Dr Rowan Williams in conversation with Paul Gifford author of Towards Reconciliation

Part 1. Names, terms and expressions in order of appearance.

Prof. John Milbank, University of Nottingham (emeritus), formerly Fellow of Peterhouse College Cambridge; co-founder from 1990  of the Radical Orthodoxy movement in theology, the theoretical foundations of which he laid in his work on social theory.

Prof. Sarah Coakley, FBA :leading Anglican systematic theologian and philosopher of religion, who held, between 2007 and 2018, the Norris-Hulse Chair of Divinity at the University of Cambridge. Interdisciplinary interests in God, Sexuality and the Self: an Essay on the Trinity (2013); and in evolutionary collaboration approached through game theory.
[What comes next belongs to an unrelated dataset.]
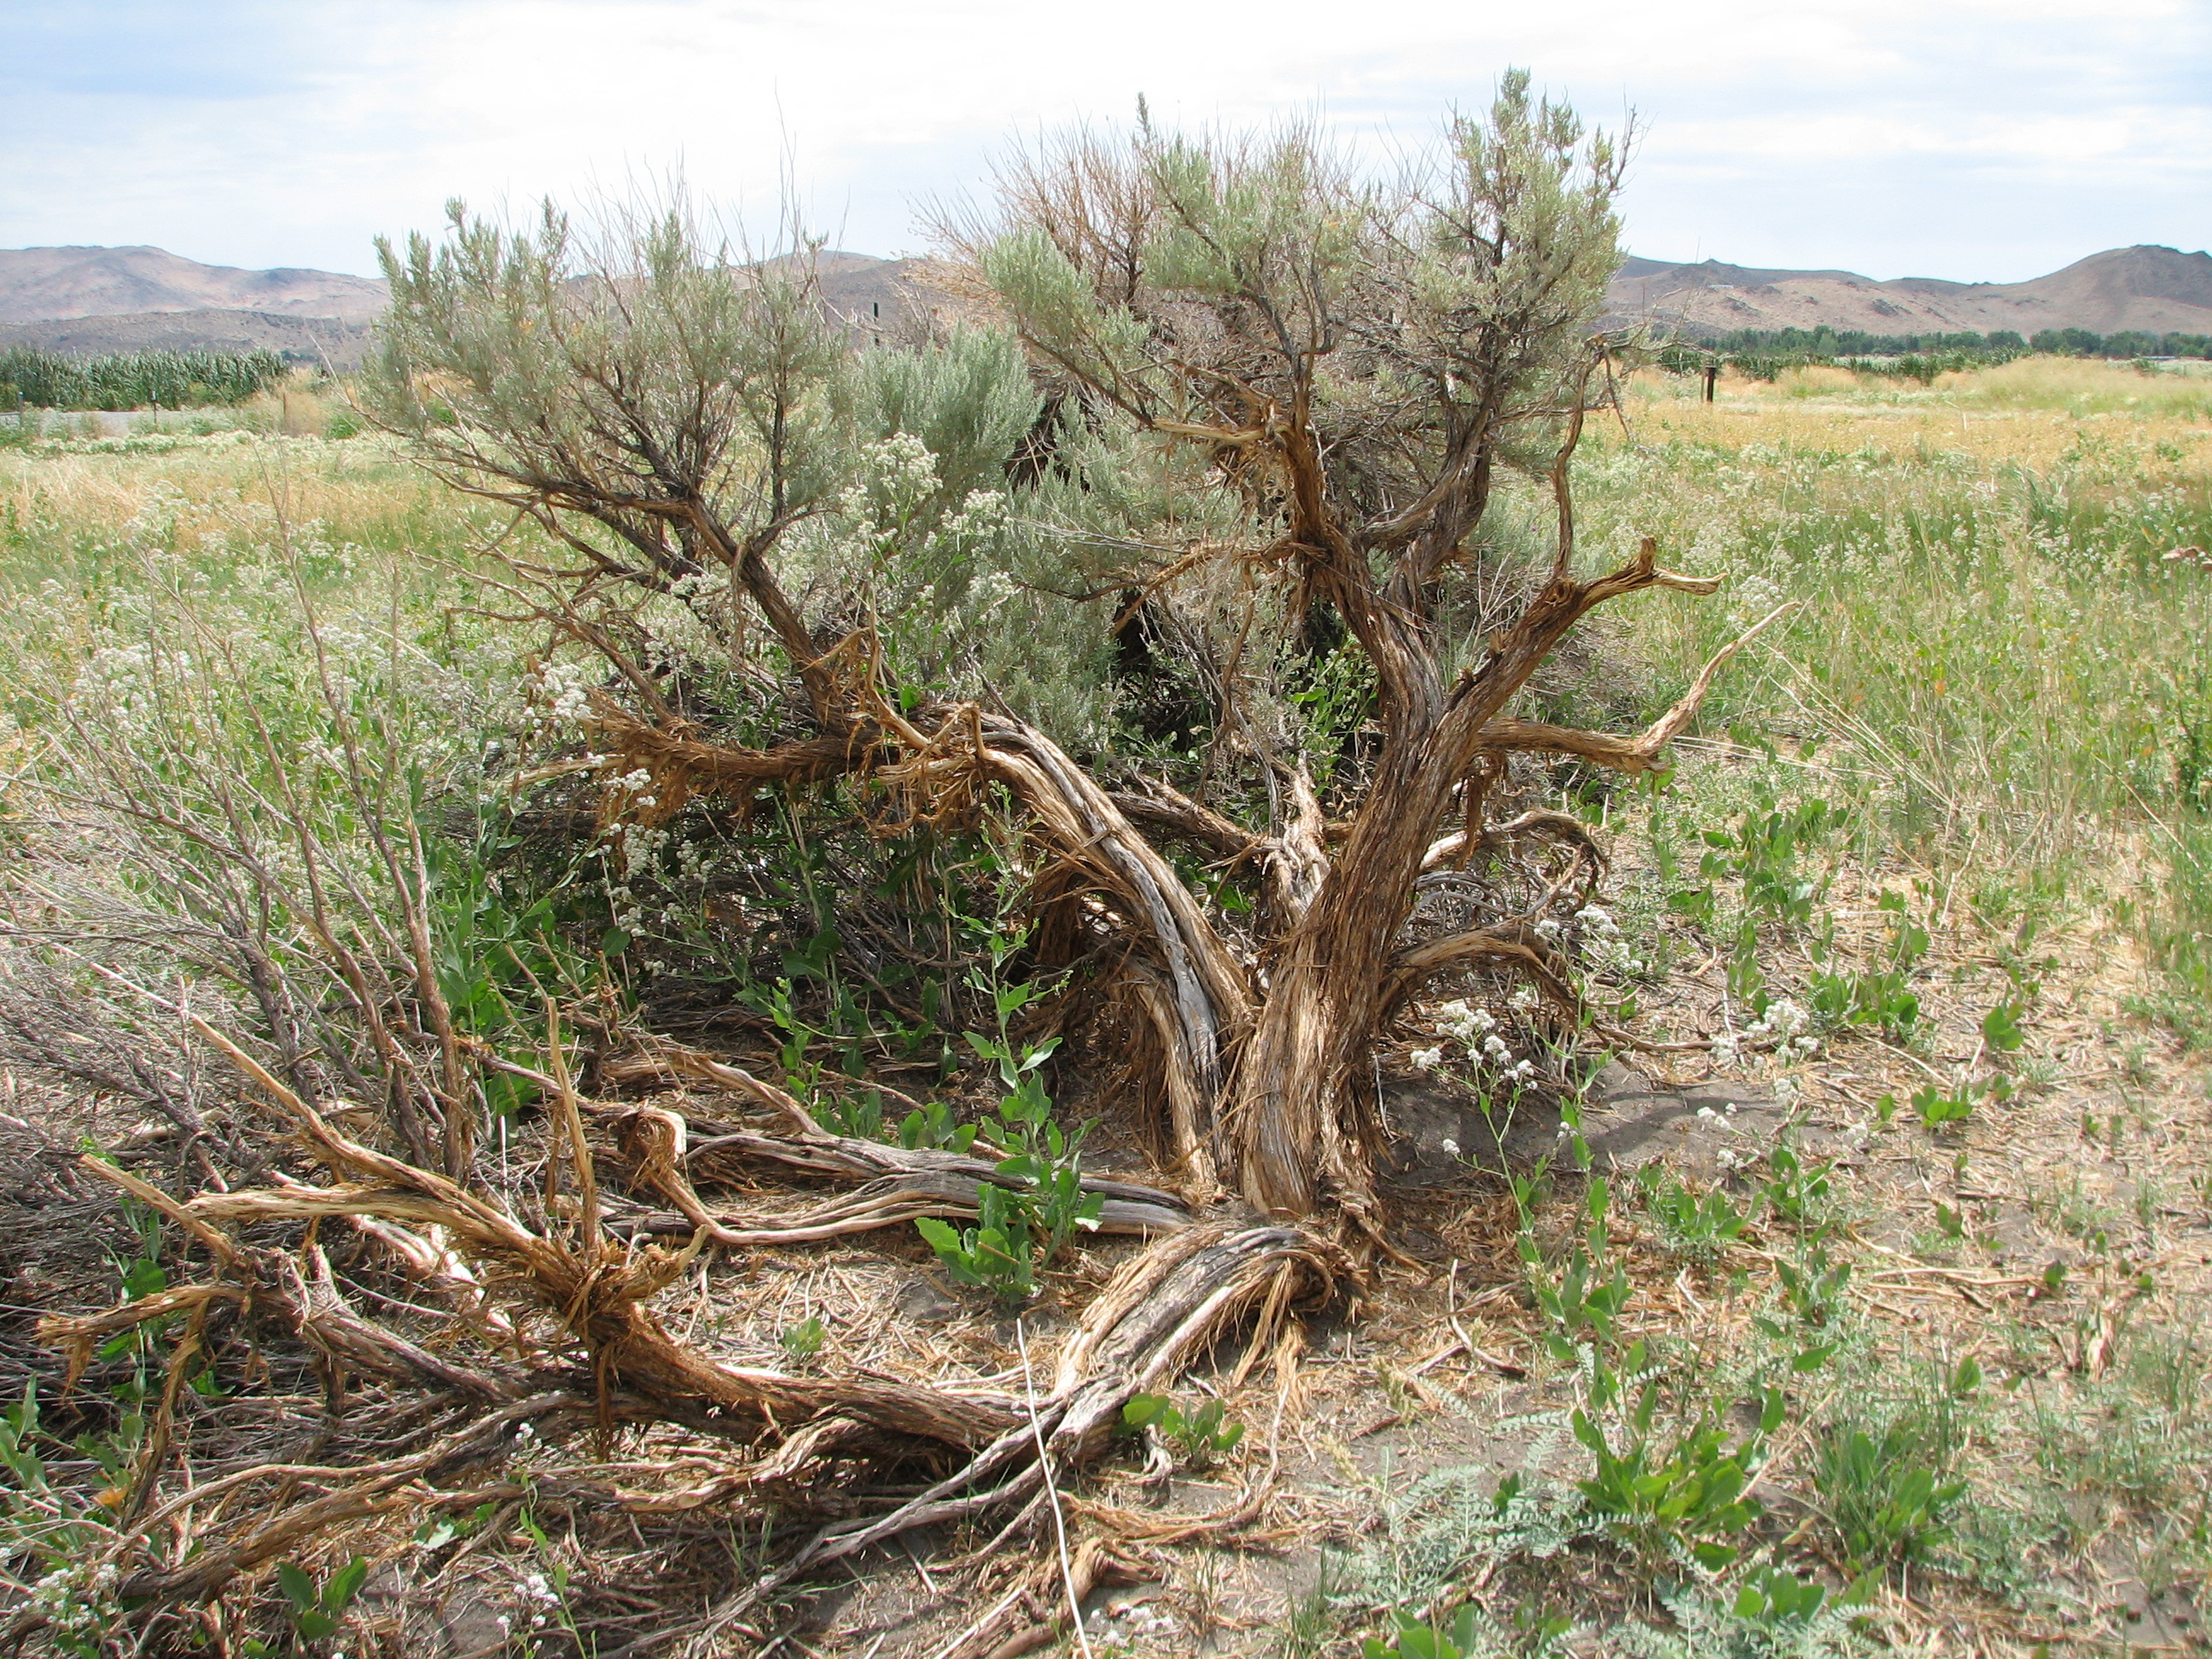 File:Sagebrush with shattered trunk.jpg - Wikimedia Commons
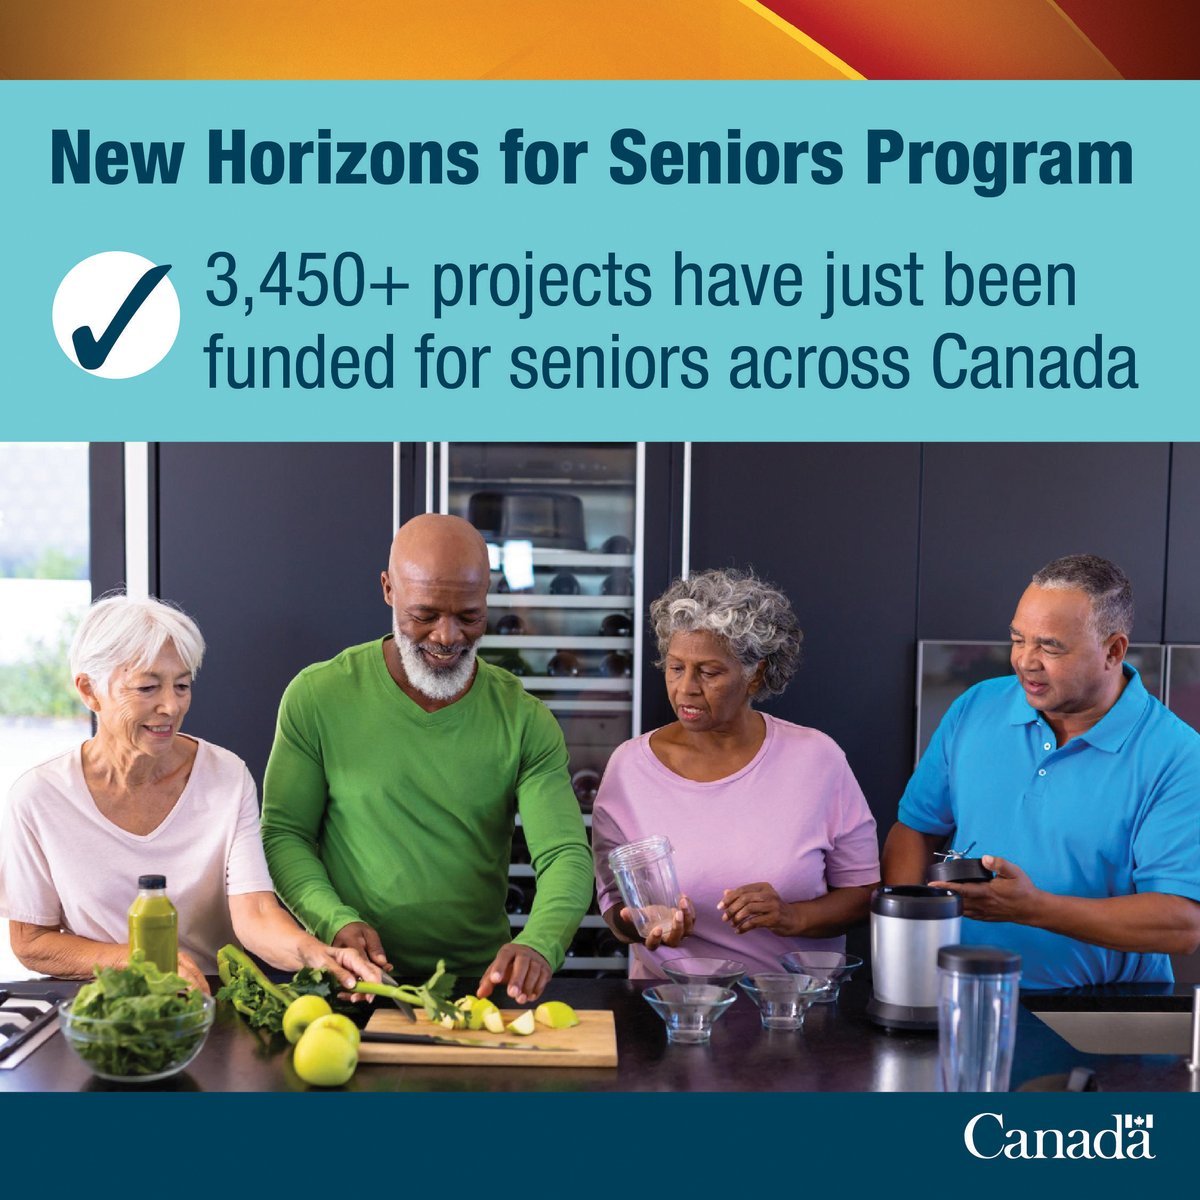 🎉Over 3,450 community-based projects supporting seniors just received $70 million in funding! The #NewHorizonsForSeniors Program will continue to make an impact across #Canada! 🔗 ow.ly/XfvR50RIRIH

Cambridge Ritualists. Influential Cambridge based group, initially of classical scholars, who sought in the latter half of the nineteenth century, to elucidate myth and eventually Greek tragedy,  as shaped by religious ritual, which they considered  prior and founding. By association and by influence, this school nourished  in turn the line of more sociologically and anthropologically oriented thinkers, whose views on ‘sacrifice’ Milbank reviews: Julius Wellhausen, William Robertson-Smith, Sir James Frazer, Frenchmen Hubert and Mauss; whose thought on sacrificial ritual  links them to Emile Durkheim, the French founder of modern sociology; and to the  prophet-philosopher of  Positivism, Auguste Comte. Comte, notoriously, propounded the ‘three eras of man’ theory, discussed by Girard (see Towards Reconciliation, p.127): religious myth gives way to rational metaphysics which ushers in the definitive triumph of positive science. 

Contagion, Journal of the Girardian organisation COV&R (the standing ‘Colloquium on Violence and Religion’, meeting twice a year, once in the US and once outside the US)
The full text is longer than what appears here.